By adding women’s track and swimming, Adams said the school has taken steps to meet Title IX requirements to afford equal opportunity for women, and can justify adding a men’s sport.
The Mavericks will be the 40th wrestling program competing in NCAA Division II, and will bring the number of teams in the Rocky Mountain Athletic Conference to nine. New Mexico Highlands is adding wrestling this season.
That gives the Mavs four home conference dual meets next season, and there are several early-season tournaments they can enter.
San Francisco State University is an affiliate member of the RMAC, as Fort Hays State will be when it leaves the RMAC after this school year for the Mid-America Intercollegiate Athletic Association, which does not sponsor wrestling.

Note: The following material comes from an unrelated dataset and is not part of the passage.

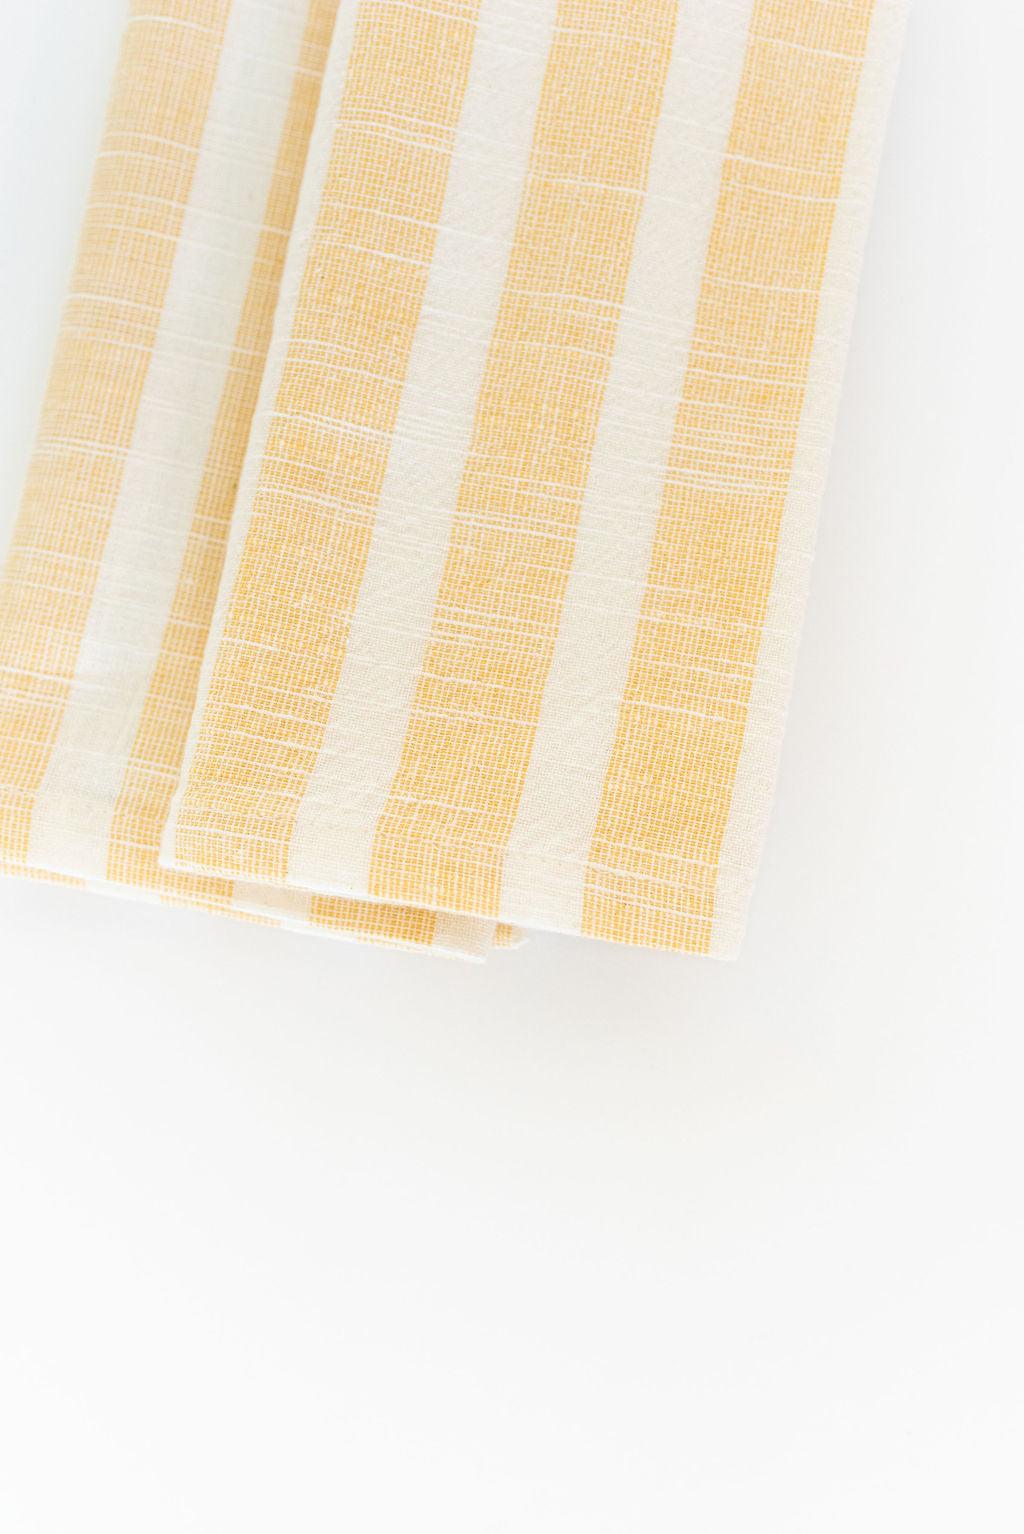 two folded yellow striped cotton napkins going off top of photo frame white background

Mesa State will immediately start a national search to hire a full-time coach, and Adams hopes to have someone hired by January to start recruiting.
He has sent letters to high school wrestling coaches across the Western Slope and has invited them and their families to attend the Mavs’ football game and tailgate party Oct. 22, where wrestling will be the topic of the day.
“We’ll draw kids from all over. High school wrestling programs stayed and college programs started disappearing,” Adams said. “It’ll be a well-staffed team. We’ve got a lot of kids interested.”
Funding the program will be a challenge. The college has $100,000 allocated by the student government to start new athletic programs.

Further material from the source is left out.